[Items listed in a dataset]

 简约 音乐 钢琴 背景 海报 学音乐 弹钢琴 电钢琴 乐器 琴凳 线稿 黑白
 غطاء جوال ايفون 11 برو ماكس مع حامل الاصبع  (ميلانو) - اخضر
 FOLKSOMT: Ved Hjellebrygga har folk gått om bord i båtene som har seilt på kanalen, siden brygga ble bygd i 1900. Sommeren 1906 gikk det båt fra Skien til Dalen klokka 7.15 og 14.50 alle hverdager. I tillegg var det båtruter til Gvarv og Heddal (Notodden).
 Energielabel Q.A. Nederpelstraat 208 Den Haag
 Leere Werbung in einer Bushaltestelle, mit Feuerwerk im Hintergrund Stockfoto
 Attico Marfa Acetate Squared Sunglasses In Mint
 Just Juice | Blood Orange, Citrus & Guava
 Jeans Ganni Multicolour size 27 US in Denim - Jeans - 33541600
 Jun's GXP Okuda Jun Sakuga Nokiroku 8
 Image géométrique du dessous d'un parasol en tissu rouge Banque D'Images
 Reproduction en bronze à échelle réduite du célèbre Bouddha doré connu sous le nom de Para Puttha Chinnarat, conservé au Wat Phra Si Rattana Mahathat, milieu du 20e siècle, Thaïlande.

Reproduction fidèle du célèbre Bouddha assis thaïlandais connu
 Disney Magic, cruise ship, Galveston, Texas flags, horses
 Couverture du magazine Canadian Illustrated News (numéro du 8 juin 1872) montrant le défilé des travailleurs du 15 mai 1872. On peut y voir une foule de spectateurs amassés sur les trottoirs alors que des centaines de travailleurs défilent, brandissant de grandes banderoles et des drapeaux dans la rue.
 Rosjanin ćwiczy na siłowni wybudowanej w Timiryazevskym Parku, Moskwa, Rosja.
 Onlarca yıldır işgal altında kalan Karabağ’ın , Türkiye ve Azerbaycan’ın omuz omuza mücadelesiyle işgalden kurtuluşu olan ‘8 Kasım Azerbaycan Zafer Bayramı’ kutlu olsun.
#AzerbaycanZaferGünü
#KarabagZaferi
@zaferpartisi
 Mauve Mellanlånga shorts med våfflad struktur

_Task:_
Looking at the entries above, report how many of their lines include "connu", and add nothing else.

_Exercise response:_
2